Two judges, a prosecutor and their driver killed in Sinai just hours after verdict handed down
Former Egyptian president Mohamed Morsi during his trial alongside 130 others on charges of organising jail breaks during the 2011 uprising on 8 May 2014 (AFP)

Former Egyptian president Mohamed Morsi was sentenced to death by an Egyptian court on Saturday for his role in a 2011 jailbreak known as the Wadi al-Natroun case. More than 100 others were also sentenced to death in the case.

Sitting in the soundproofed caged dock, Morsi, who was wearing the blue uniform for convicts already sentenced to 20 years in prison, raised his fists in defiance as the judge read out the verdict.

According to AFP, the death penalty for both cases will be confirmed at a later hearing after receiving the approval of the grand mufti, who is the official interpreter of Islamic law. The final decision will be reached on 2 June. 

While the mufti’s opinion is not binding to the court, Egyptian law requires judges to seek a religious opinion regarding any death sentence.

The defendants have the right to appeal any final verdict.

Sixteen others were also sentenced to death in a separate espionage case, including Muslim Brotherhood leaders Mohamed al-Baltagy and Khairat al-Shater, in a trial known as the "Hamas Espionage Case". While initial reports indicated that Morsi had also been found guilty of espionage, his case is still ongoing and a verdict is expected at a later date. 

International law specialist, Rodney Dixon QC, and legal advisor to President Morsi’s Freedom and Justice Party said: “Everything must be done to overturn this shocking injustice. The military regime must not be allowed to execute the first democratically elected President of Egypt." 

"We have already brought the use of mass death penalties in Egypt to the attention of the African Commission of Human and Peoples’ Rights and will now make immediate representations to the United Nations to seek intervention to prevent the death sentence being carried out.”

Emad Shahin, a professor at the American University and Cairo who now teaches in the US, also spoke out against the verdict. 

“I repeat my absolute rejection of the charges against me and note that I am hardly the only victim of injustice in this case. Furthermore, I condemn the sham trials engulfing Egypt since July 2013 where wholesale death sentences on flimsy or no evidence have been the mark of the current military regime," he said in a statement. 

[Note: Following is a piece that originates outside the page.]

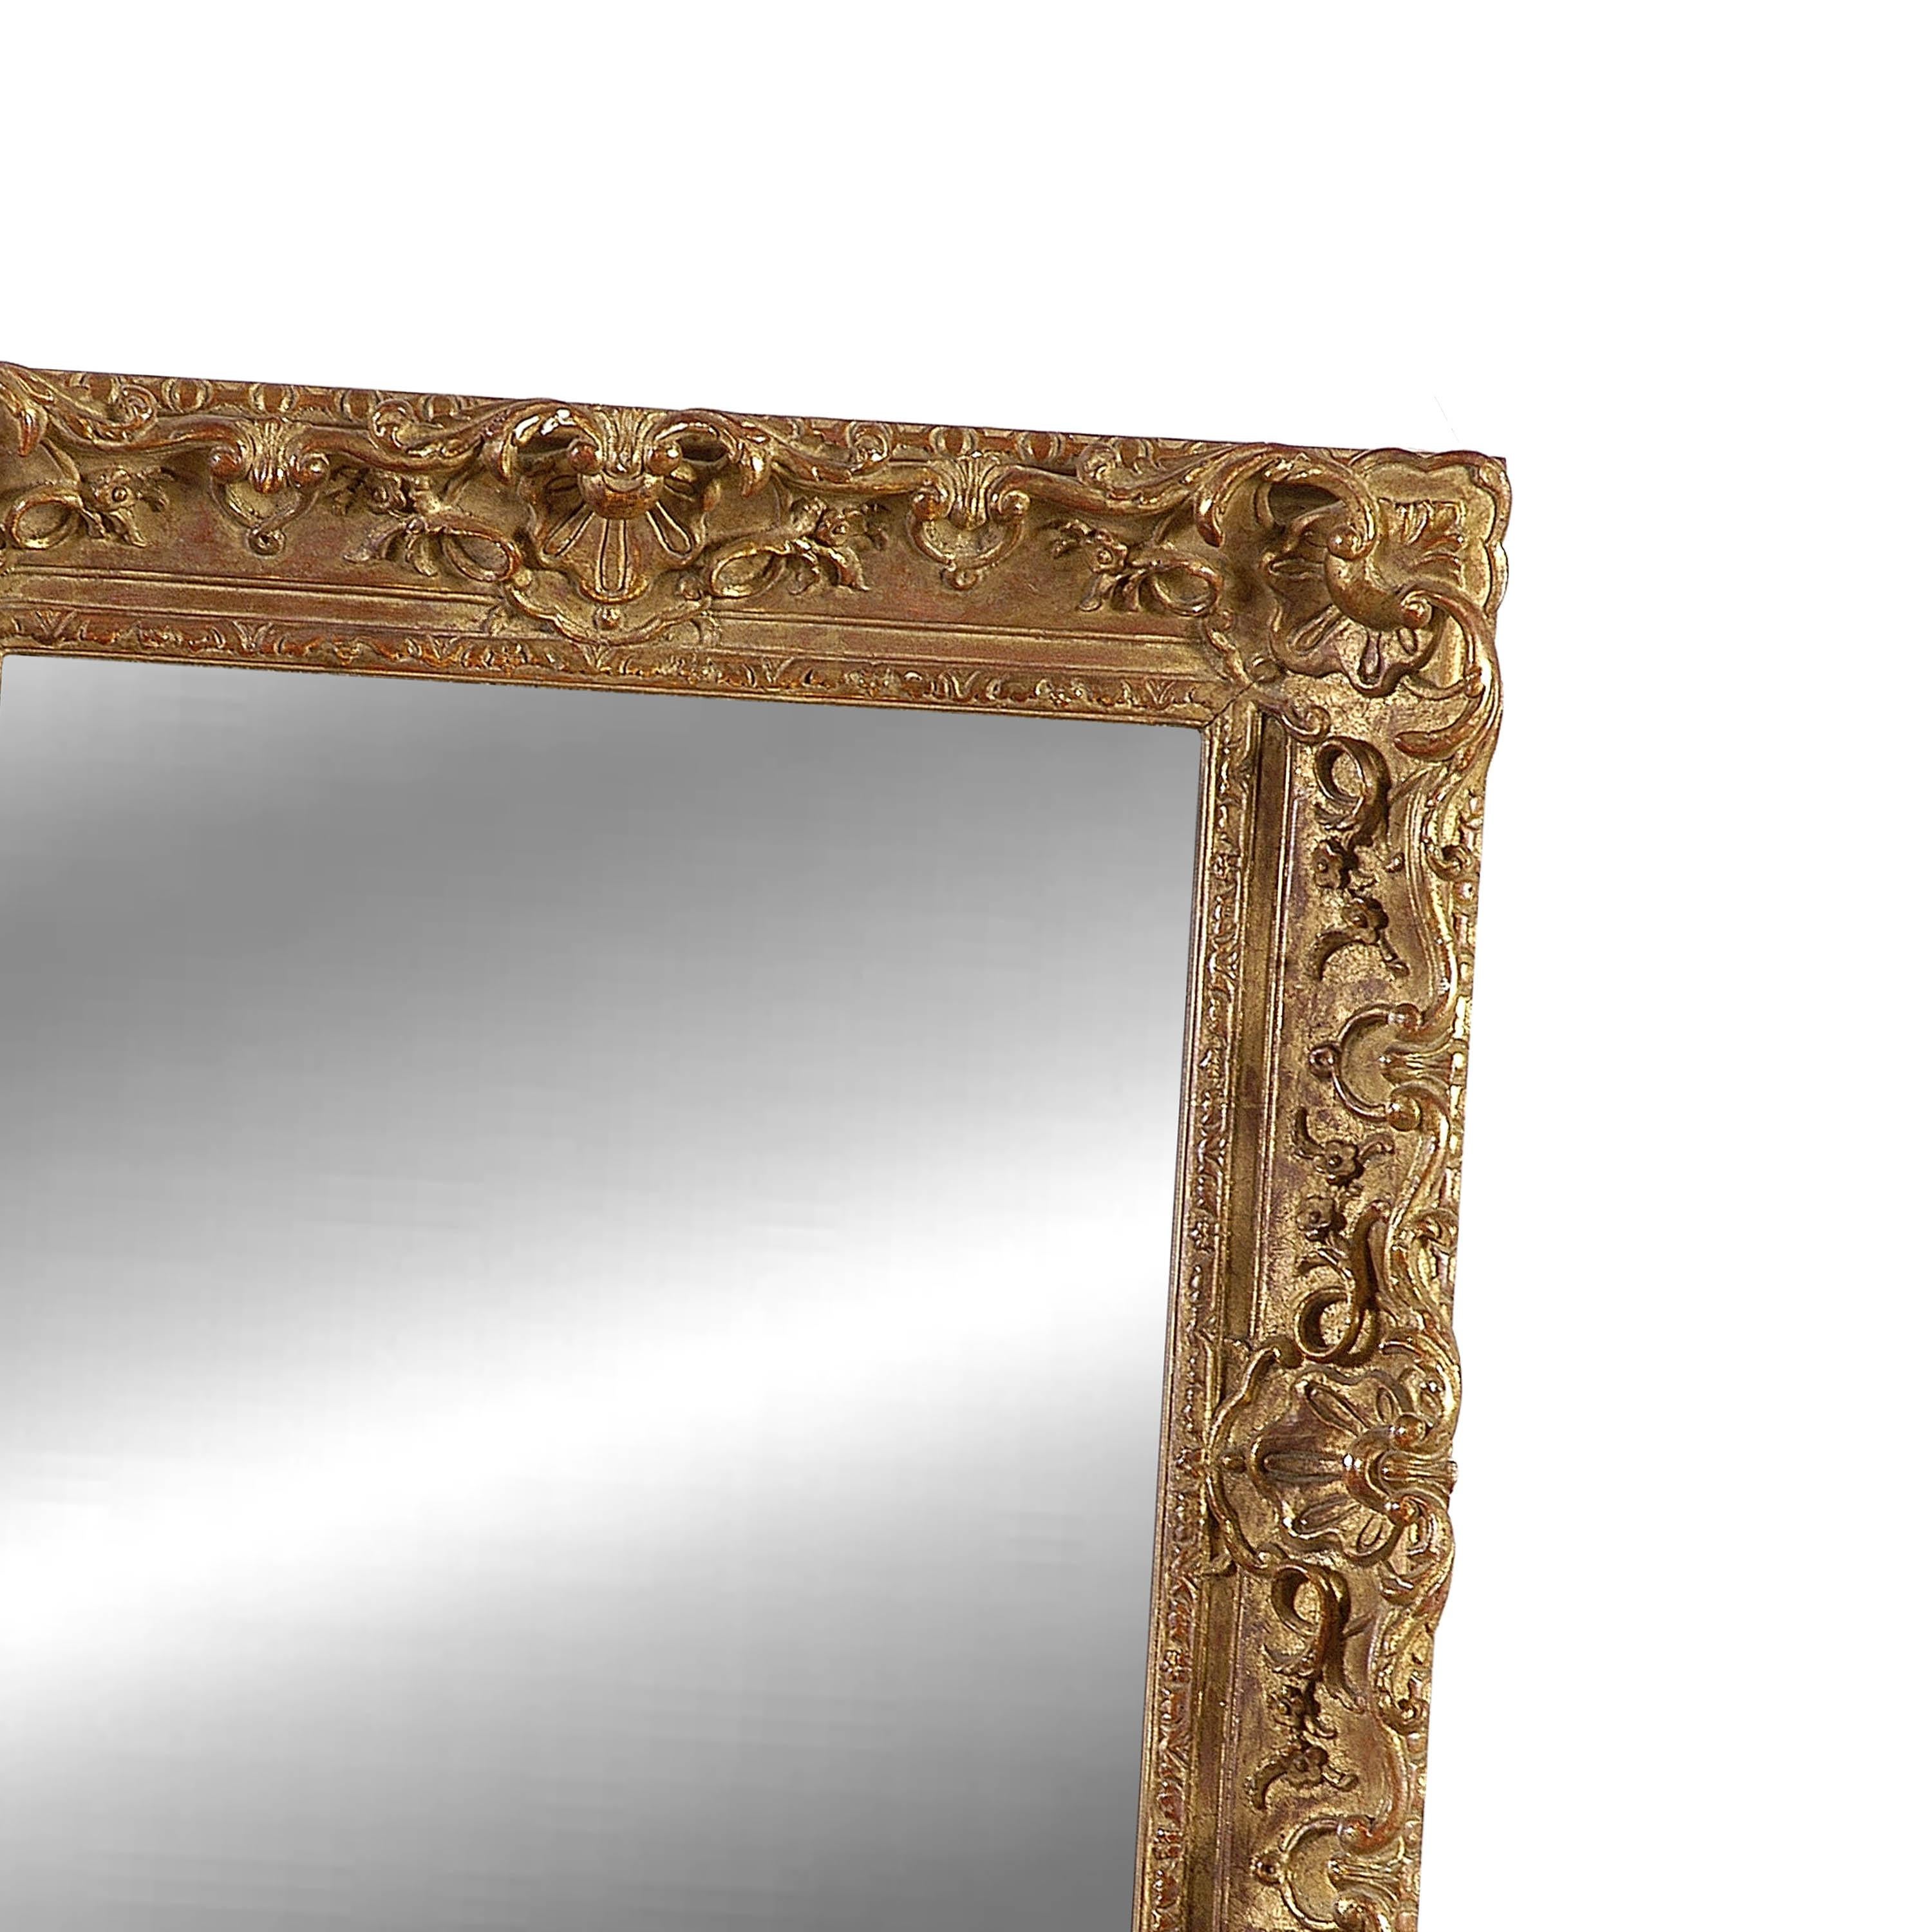 Neoclassical Empire rectangular handcrafted mirror. Rectangular hand carved wooden structure with gold foil finished. Spain, 1970.

"In fact, these sentences are yet another manifestation of the deeply troubling way the Egyptian judiciary has been used as a tool to settle political disagreements by the harshest and most repressive means possible. Due process, regard for evidence, and minimum standard of justice have been tossed aside in favour of draconian injustice. Ironically, two defendants sentenced to death today had already been dead and one has been in prison for the past 19 years."

The case has deeply divided Egypt, with people also expressing support for the sentence.

Tarek al-Khouli, a lawyer who is well known for his anti-Muslim Brotherhood views, said that Morsi and his party had “betrayed” Egypt.

"Egypt, which had miraculously survived the evils of those pretend-Islamists before, will prevail in its current battle against them," al-Khouli said in a statement.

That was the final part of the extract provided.